I am trying to show the following: if $X$ is an integral proper $k$-scheme, $k$ a field, then $O_X(X)$ is a finite field extension of $k$.
I have succeeded to show that $O_X(X)$ is a field but I don't see why it must be a finite field extension.
(To show it is a field I used that a global section s corresponds to a morphism $X \to \operatorname{Spec} k[x]$, one can show the image is a closed point, so if $s \neq 0$ there is an irreducible polynomial $g \in k[x]$ such that $g(s)=0$, so it is invertible.)
I would like to avoid using cohomology/Grothendieck's finiteness result for proper morphisms. a similar question was asked here but I am not assuming $X$ is geometrically integral.

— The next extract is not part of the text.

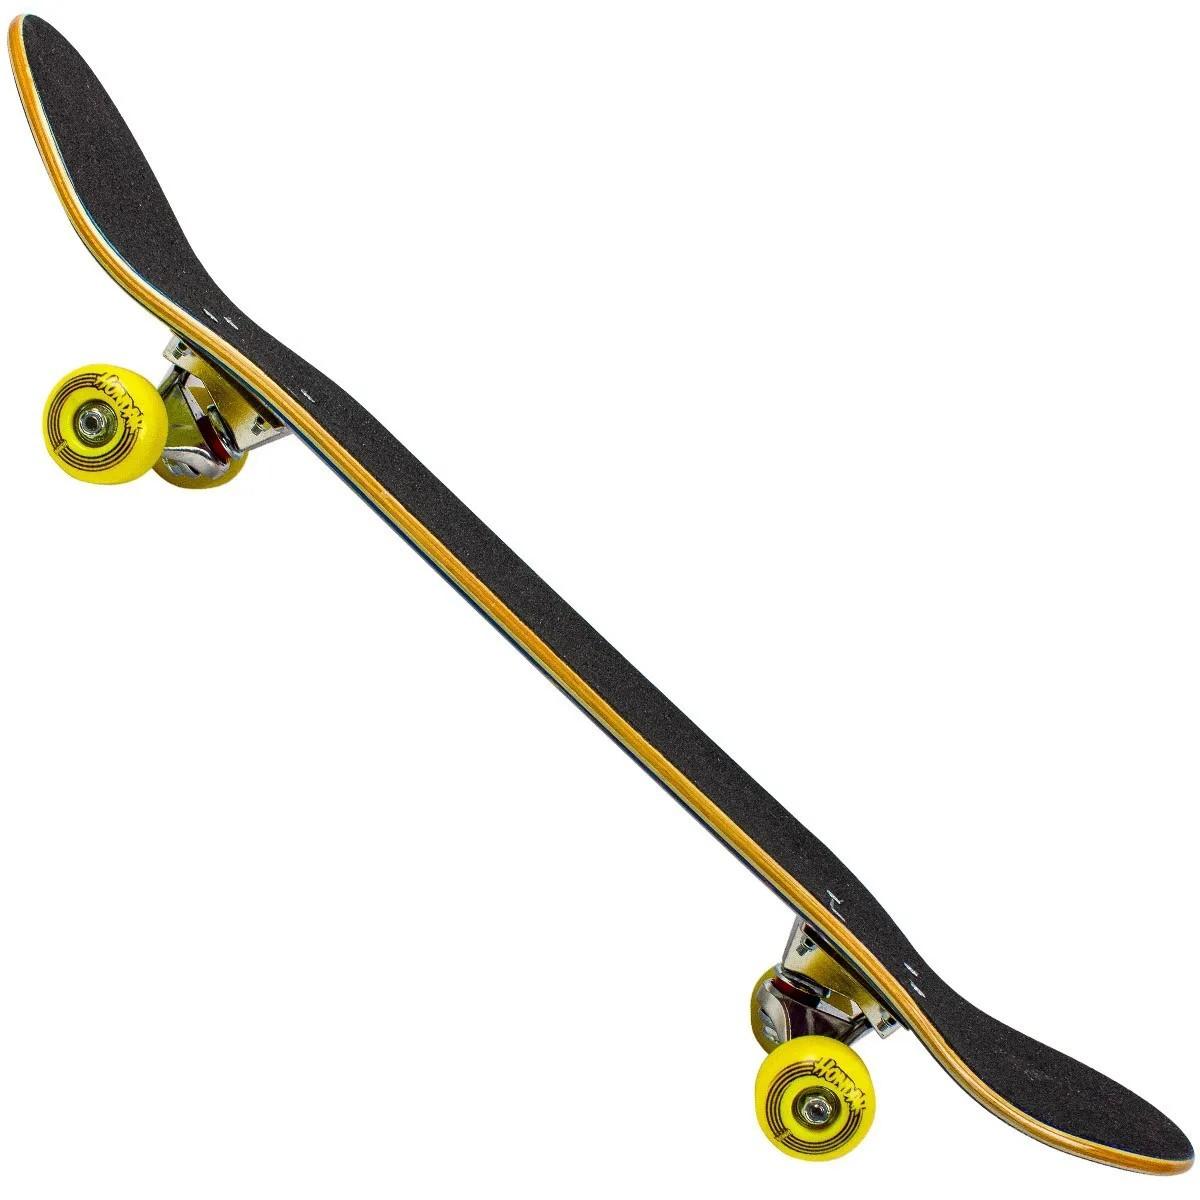 Skate Completo Montado Iniciante Hondar Importado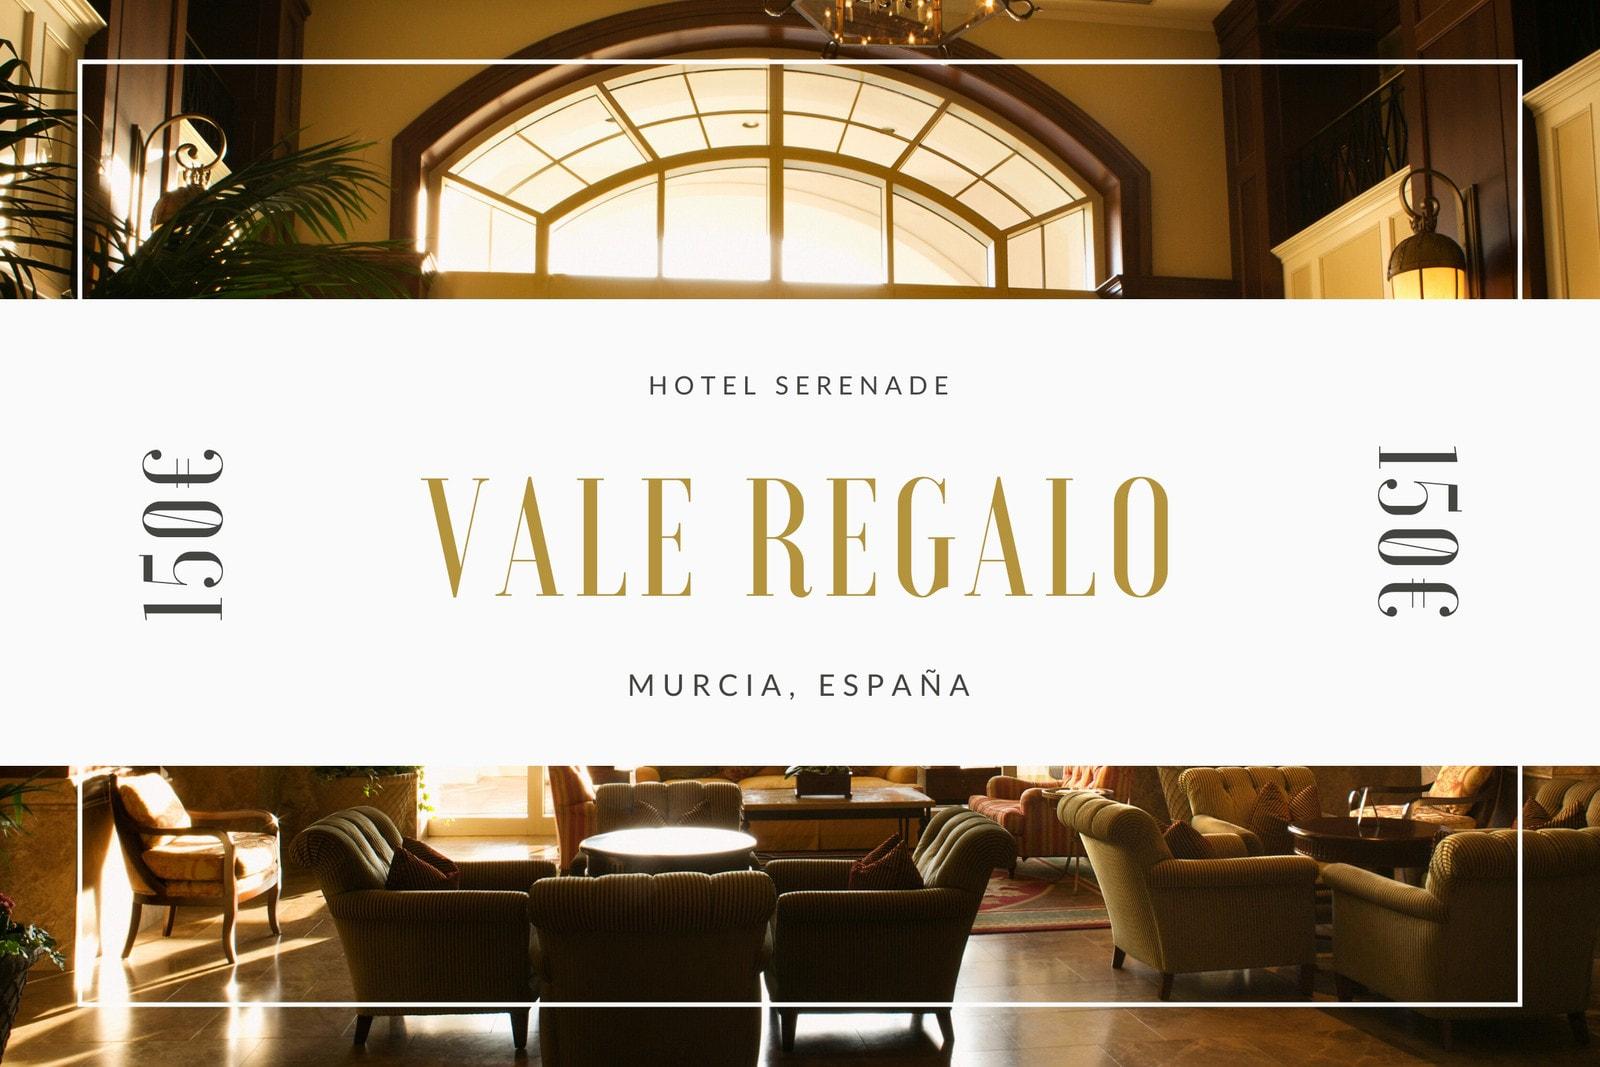 Marrón Foto Moderna Borde Hotel Vale Regalo

The solution has been worked out in the comments. As restriction maps for the structure sheaf on an integral scheme are injective, $O_X(X)$ embeds in to $O_X(\operatorname{Spec} A)=A$ for $\operatorname{Spec} A$ any affine open subscheme of $X$. Let $\mathfrak{m}$ be a maximal ideal of $A$. Then $O_X(X)\subset A$ does not intersect $\mathfrak{m}$, so the map from $O_X(X)$ to its image in $A/\mathfrak{m}$ is an injection. Thus $O_X(X)$ embeds in to a residue field of a finite type scheme over $k$, and all such residue fields are finite extensions of $k$ by Zariski's lemma.